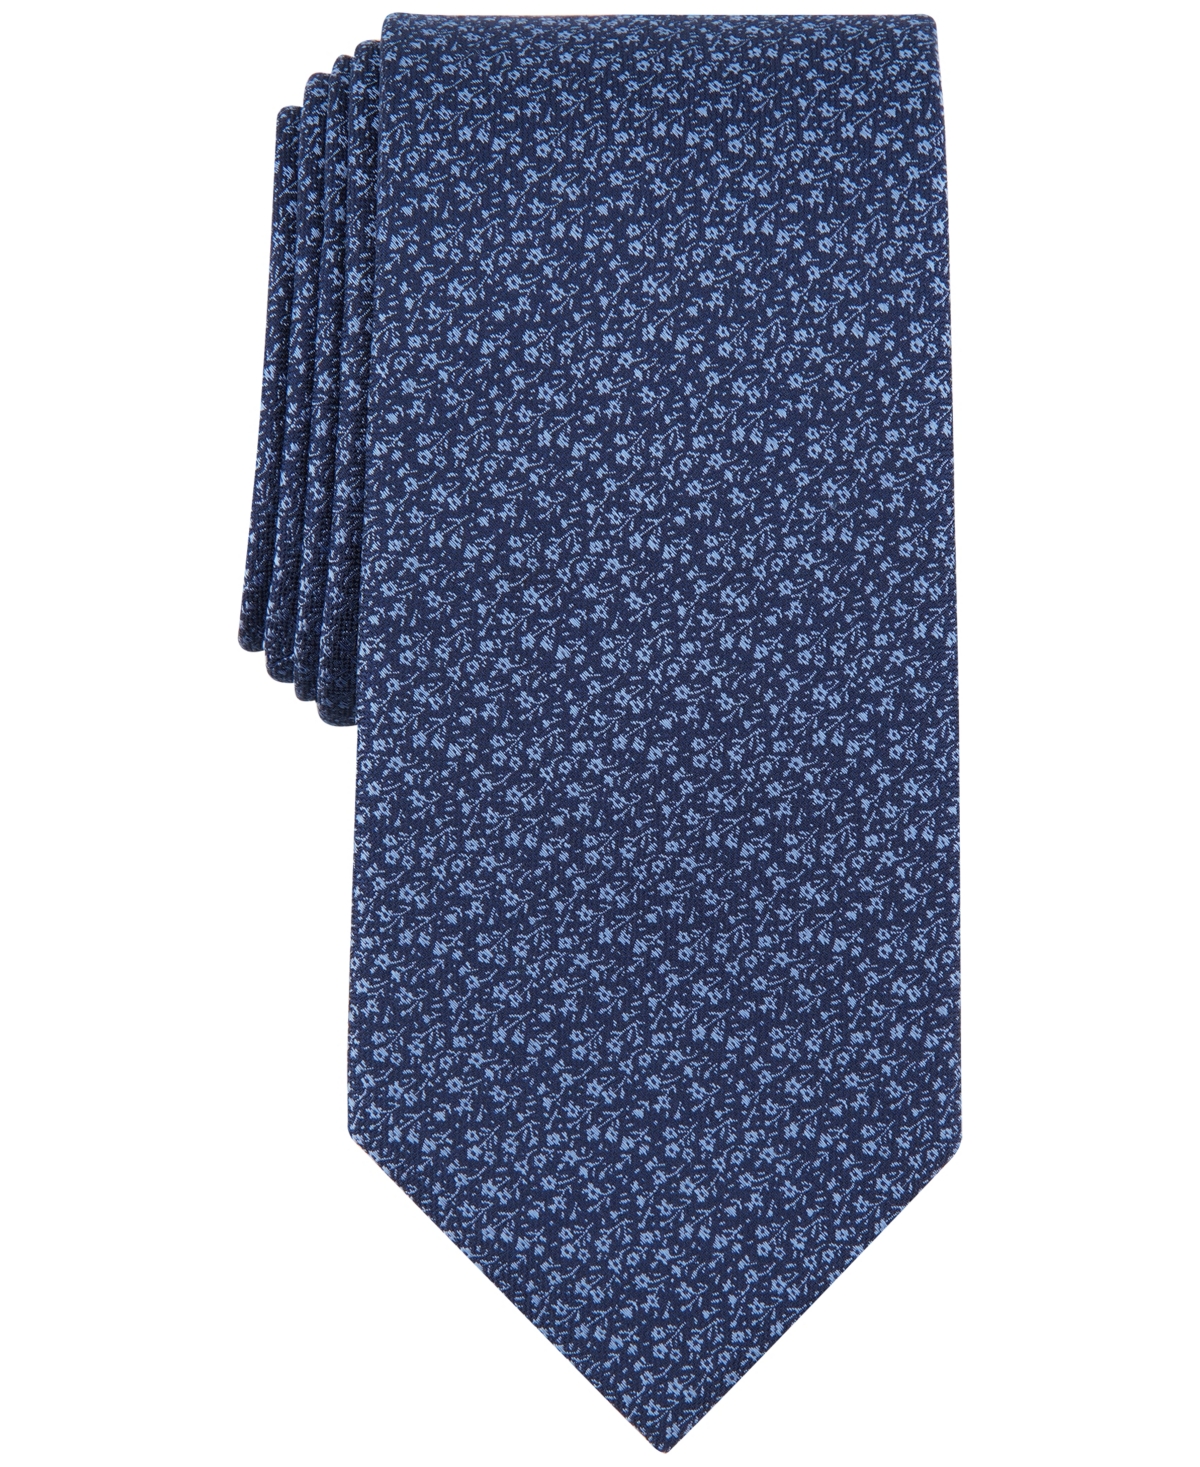 Michael Kors Men's Weaver Floral Tie In Navy
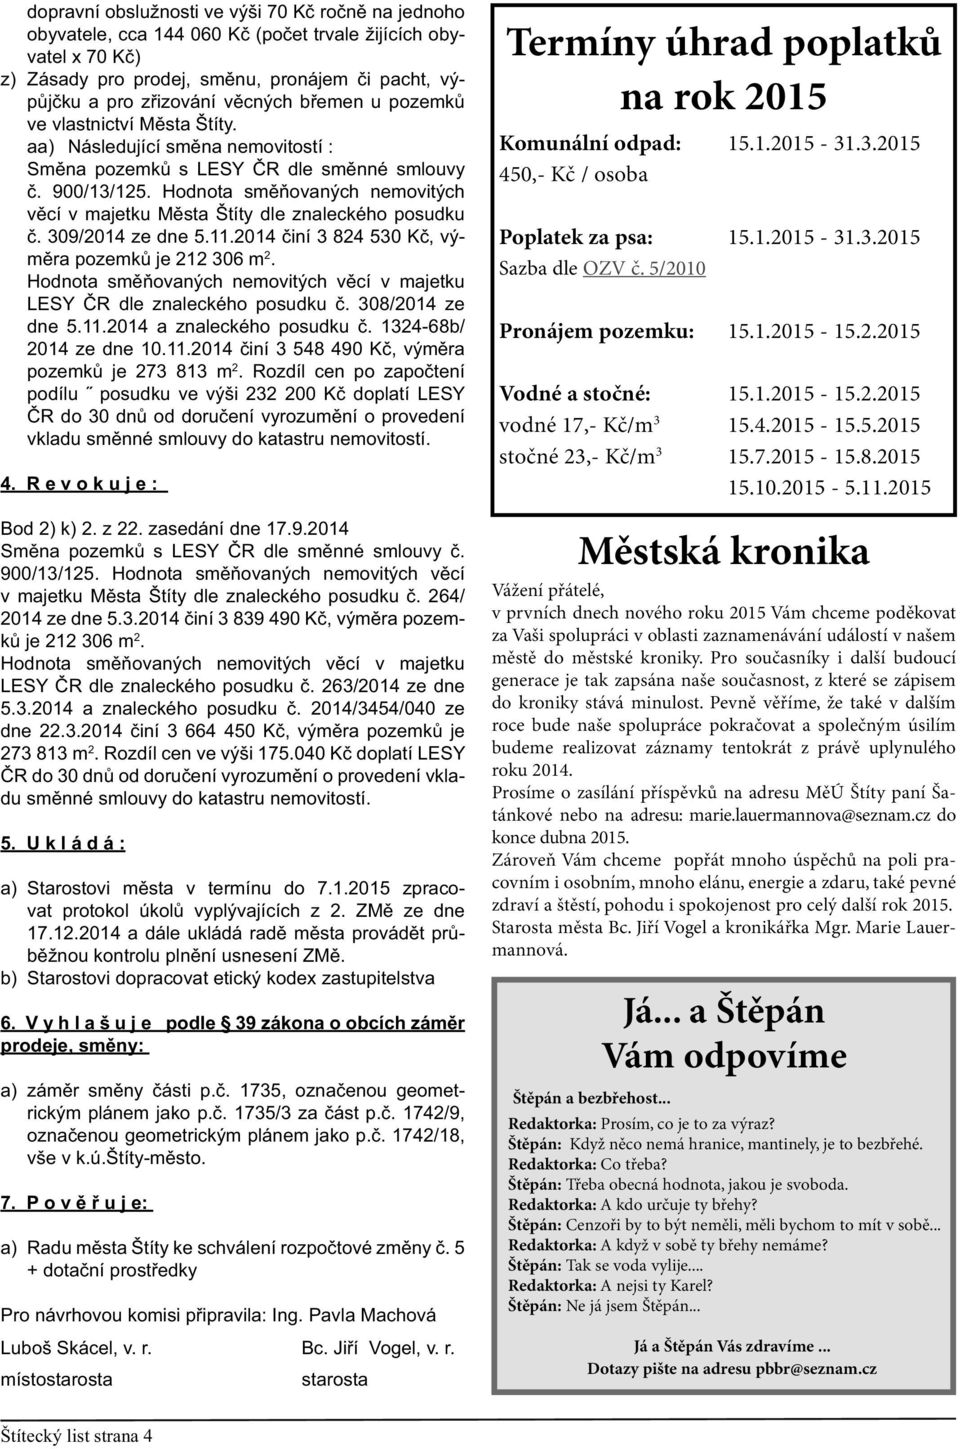 Hodnota směňovaných nemovitých věcí v majetku Města Štíty dle znaleckého posudku č. 309/2014 ze dne 5.11.2014 činí 3 824 530 Kč, výměra pozemků je 212 306 m 2.
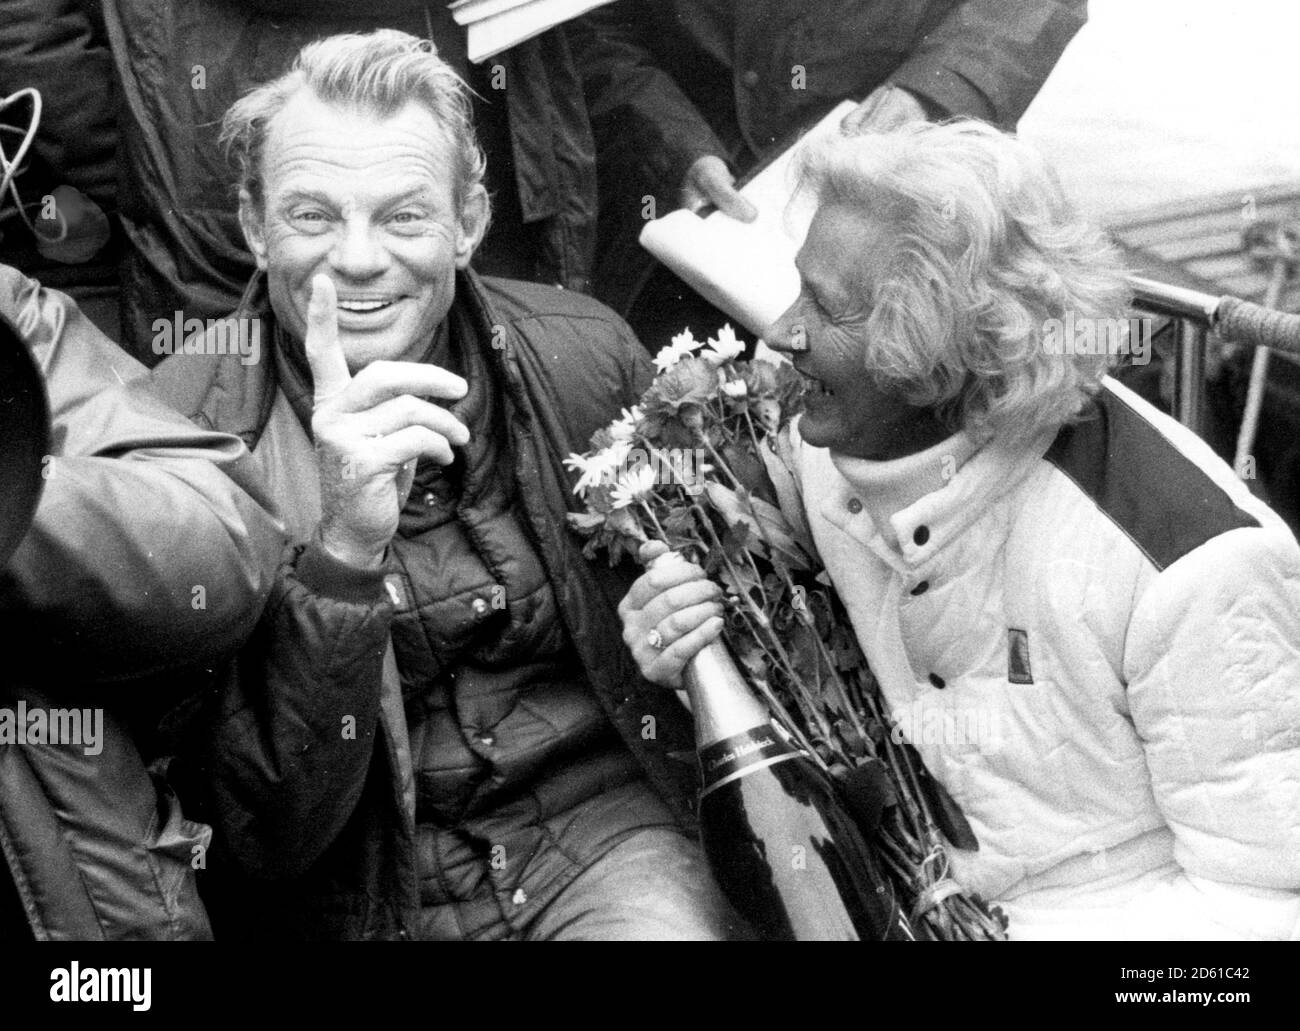 SKIPPER OF ROUND THE WORLD YACHT FLYER, CORNELIUS VAN RIETSCHOTEN REUNITED WITH HIS WIFE INGA AFTER WINNING THE 1981 ROUND THE WORLD YACHT RACE. Stock Photo

********

- Task statement
Every line above should be retyped exactly; the pictures do not belong in the copy.

- Your solution
 Michael Kors Men's Weaver Floral Tie In Navy
 Hodnota směňovaných nemovitých věcí v majetku Města Štíty dle znaleckého posudku č. 309/2014 ze dne 5.11.2014 činí 3 824 530 Kč, výměra pozemků je 212 306 m 2.
 SKIPPER OF ROUND THE WORLD YACHT FLYER, CORNELIUS VAN RIETSCHOTEN REUNITED WITH HIS WIFE INGA AFTER WINNING THE 1981 ROUND THE WORLD YACHT RACE. Stock Photo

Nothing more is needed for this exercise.